For the 100M–500M scale POC:

  1. Bit-packed weight storage during training. At 100M Β±1 params in fp32, weights alone are 400 MB; with Adam state and gradients, optimizer memory hits several GB. Packing weights as 1-bit in-training (materialized to fp32 only inside the BitLinear forward via a Triton kernel) reduces memory 32Γ— and makes 100M–1B scale tractable on a single 5090.

  2. Triton XNOR-popcount GEMM kernel for training. Current fp32 "fake binary" matmul wastes memory bandwidth. A real INT1 kernel should give 3–5Γ— matmul speedup at 100M+ scale.

  3. Longer training budget. Our 12k-step runs are training-budget-bound. The v20β†’v21 gain of only βˆ’0.01 BPC at fixed steps suggests 50k+ steps would unlock more of the larger model.

  4. FP32 teacher distillation. A ~5M FP32 teacher at 0.96 BPC could transfer ~half the teacher-student gap to the binary student, plausibly pushing the 21M model from 1.47 β†’ 1.1–1.3 BPC at modest extra cost.

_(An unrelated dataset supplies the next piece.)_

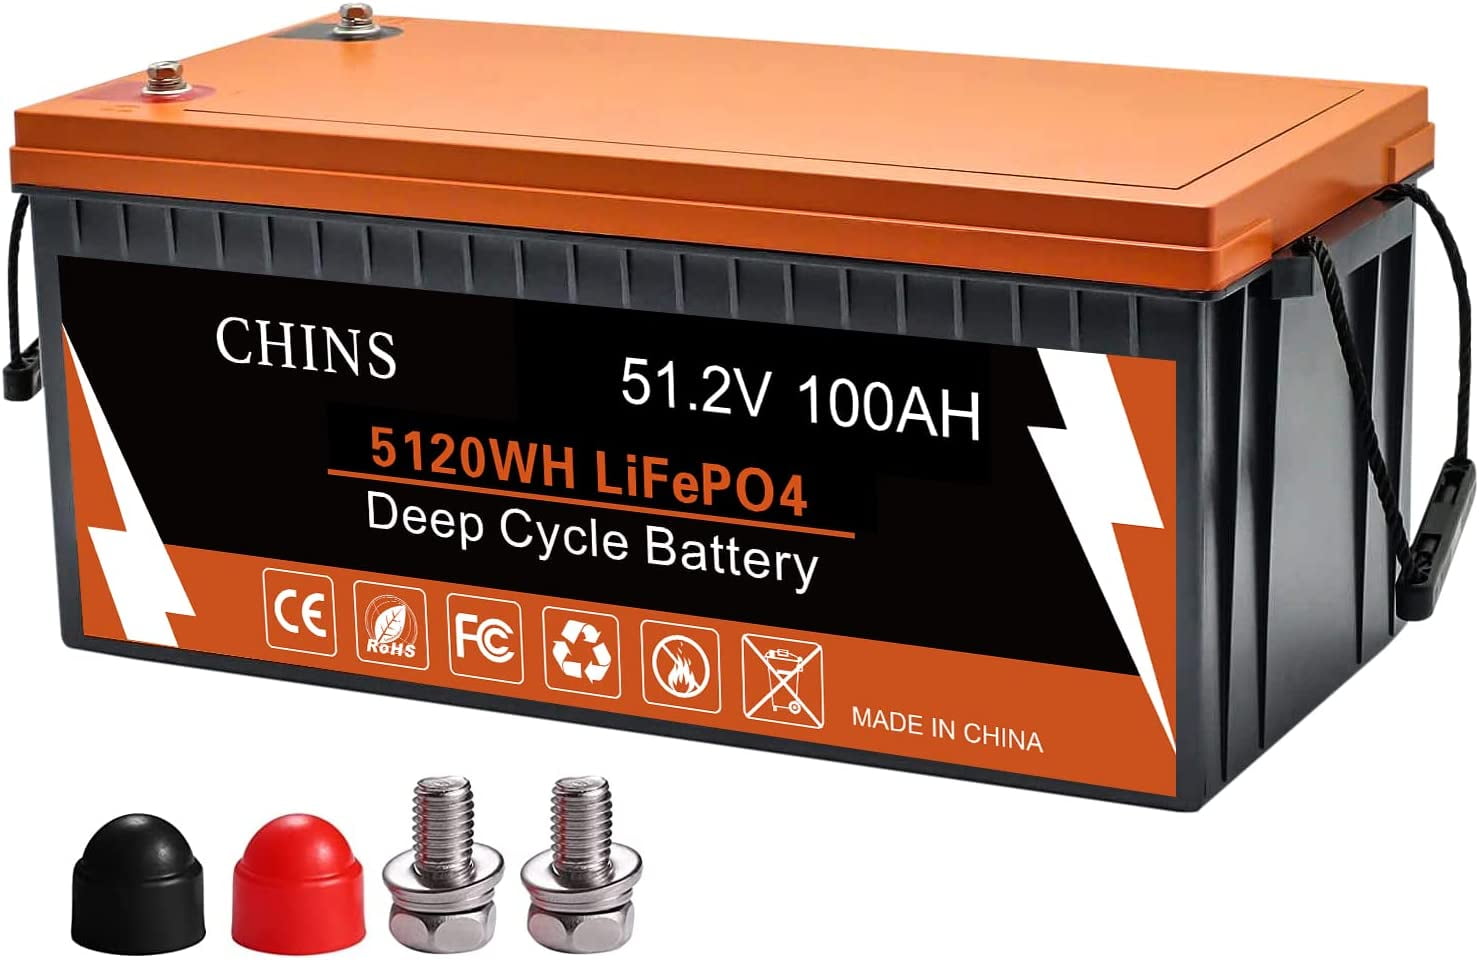 CHINS Bluetooth 48V 100AH LiFePO4 Lithium Battery, Built-in 100A

  5. Real-world text. TinyStories is a simplified corpus. The next meaningful experiment is a 100M model on enwik8 or a FineWeb-edu subset, where the whitepaper's H1 was originally formulated.

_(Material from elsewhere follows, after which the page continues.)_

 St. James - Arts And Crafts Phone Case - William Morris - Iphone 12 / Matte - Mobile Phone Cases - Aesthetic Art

  6. Scaling-law map. Train v18-arch models at 5M, 25M, 100M, 500M with matched compute per param, fit a BPC(params) curve. This produces a publishable scaling-law plot for strict Β±1 LMs that the literature doesn't currently have.

Concrete deliverables

Everything is checked into /home/nathan/1bitllm/ (local) and mirrored to /root/bitnet1/ on the experimentation VM:

  • Model code: model.py, model_v3.py, model_v4.py, …, model_v18.py (each variant self-contained)
  • Training: train.py (PyTorch, all variants, torch.compile support), train_fp32.py (reference)
  • Optimizers: optim.py (SignSGD-counter), optim_bop.py (Bop)
  • Export: export_v18.py (packed binary format)
  • C inference: infer.c, infer_kv.c, infer_simd.c, infer_omp.c (4 progressively optimized versions)
  • Verification: verify_binary_inference.py, sample_ckpt.py
  • Data prep: prep_data.py (TinyStories char-level byte memmap)
  • Checkpoints: ckpt/v17_gumbel_wide_last.pt, ckpt/v20_scale_d512_last.pt, ckpt/v21_scale_21M_last.pt + exported .bin files
  • Logs: logs/*.jsonl β€” full training trajectories, grad diagnostics, and sample outputs for every run

The architecture and deployment pipeline are ready to scale β€” the remaining engineering for 100M–500M is custom Triton kernels for bit-packed memory layout, not fundamental architecture changes.